Biden Must Expose China’s COVID-19 Cover-Up

Chinese authorities are still refusing to share critical evidence about the origins of the COVID-19 pandemic. The World Health Organization (WHO) still refuses to challenge Beijing and is even promoting Chinese cover stories that allege the pandemic did not begin in Wuhan. The Biden administration has begun to notice, but still needs a game plan for holding both Beijing and the WHO accountable.

Pinpointing the origins of the coronavirus pandemic is a scientific imperative. America’s ability to detect, prevent, and prepare for future pandemics depends on knowing precisely how this one started. The answers to this question clearly have political implications, but public health must come first.

We are still learning more about Beijing’s refusal to provide WHO investigators with raw data for over 70,000 early cases of patients with COVID-like symptoms. Apparently, the data that China did provide shows patients from the Wuhan area had exposure to the virus outside the seafood market where the pandemic allegedly began, raising questions about the origin story.

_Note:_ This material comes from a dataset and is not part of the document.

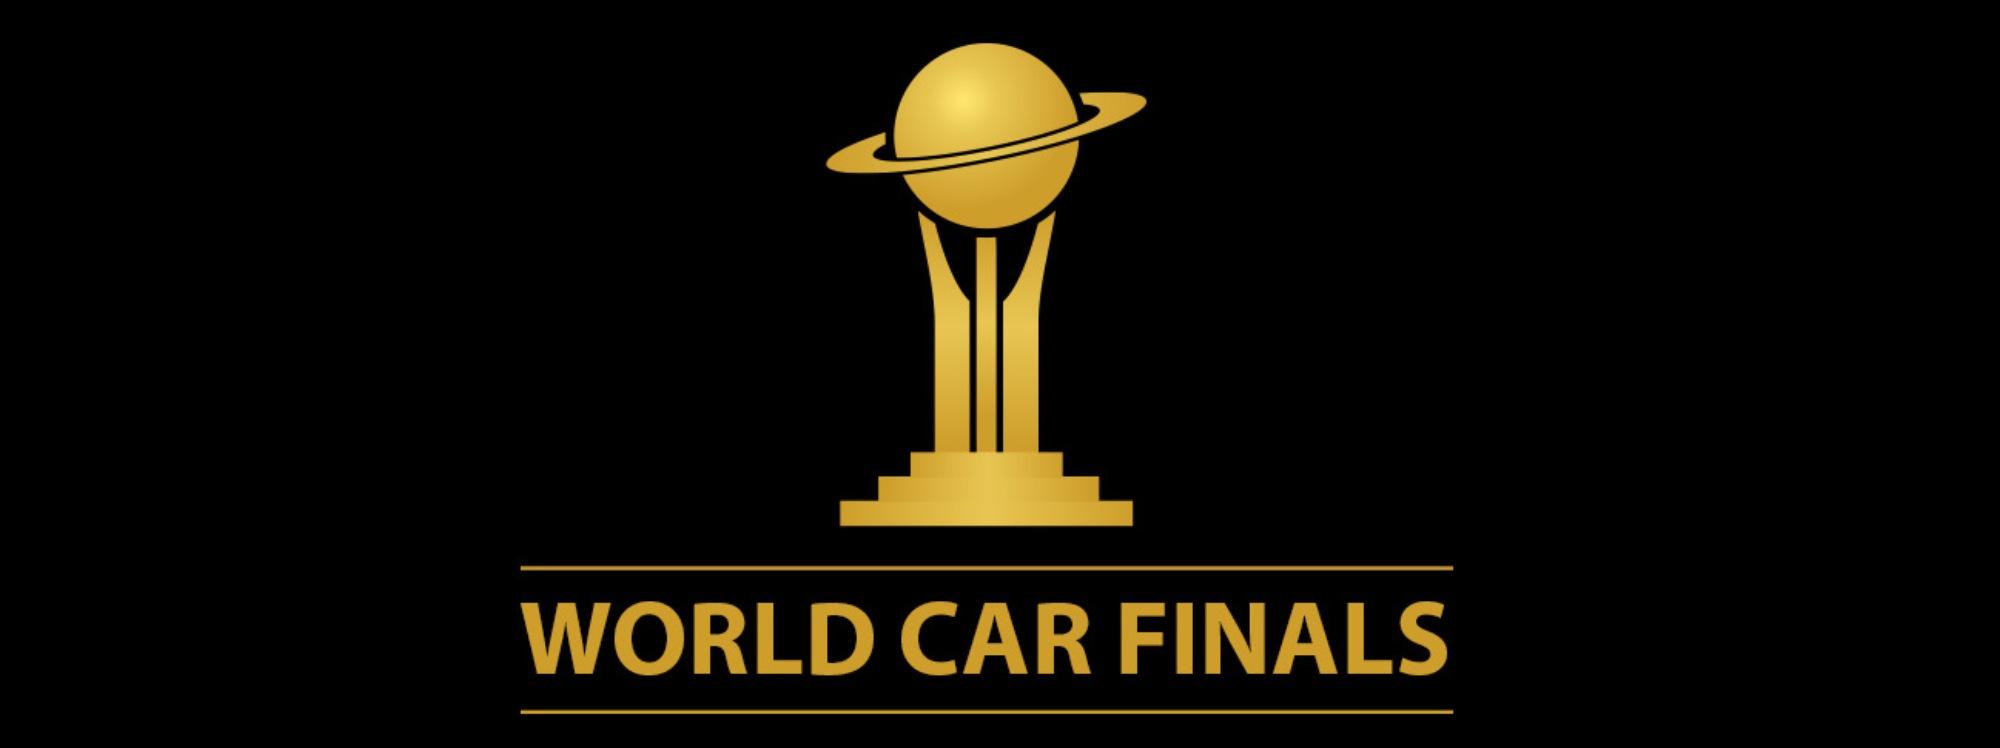 Estos son los finalistas para el auto del año 2021, World Car Awards
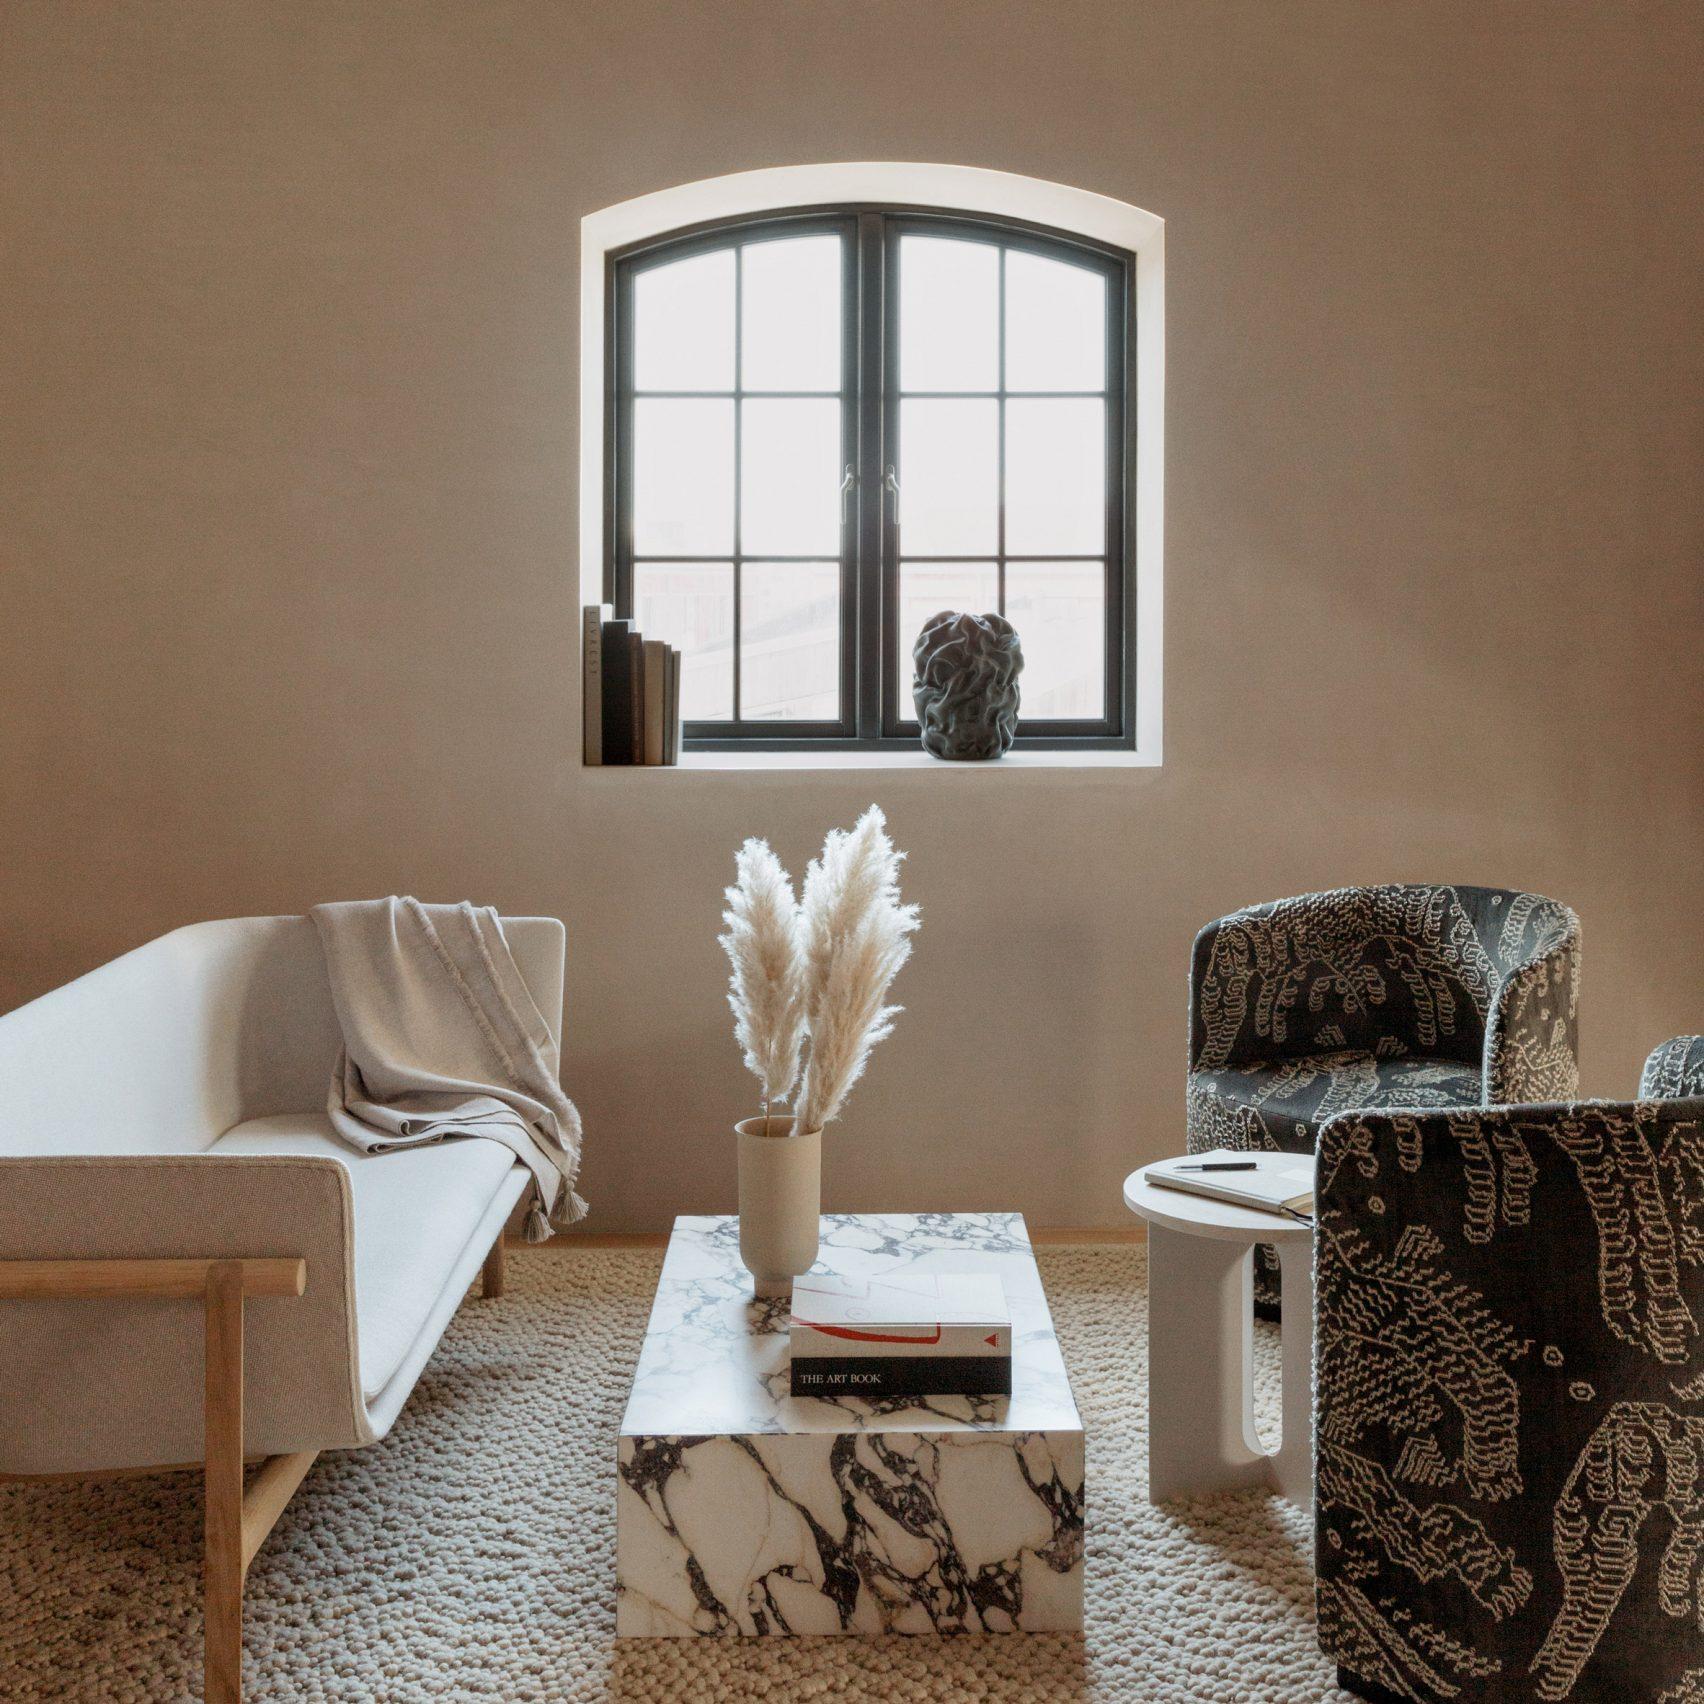 Những thiết kế phòng khách trang nhã, tinh tế lấy cảm hứng từ phong cách Nhật - Ảnh 3.

Despite lacking this crucial data, the WHO delegation dismissed as “extremely unlikely” the possibility that COVID-19 escaped from the Wuhan Institute of Virology (WIV). Instead, the investigators directed attention to the very weak hypothesis—favored by Beijing—that the virus arrived in Wuhan in a shipment of frozen food which may even have come from outside China.

This did not sit well with the White House. U.S. National Security Advisor Jake Sullivan on February 13 issued a strong statement demanding that China release the early data and warning that the WHO’s credibility was in danger. “It is imperative that this report be independent,” Sullivan said, “with expert findings free from intervention or alteration by the Chinese government.”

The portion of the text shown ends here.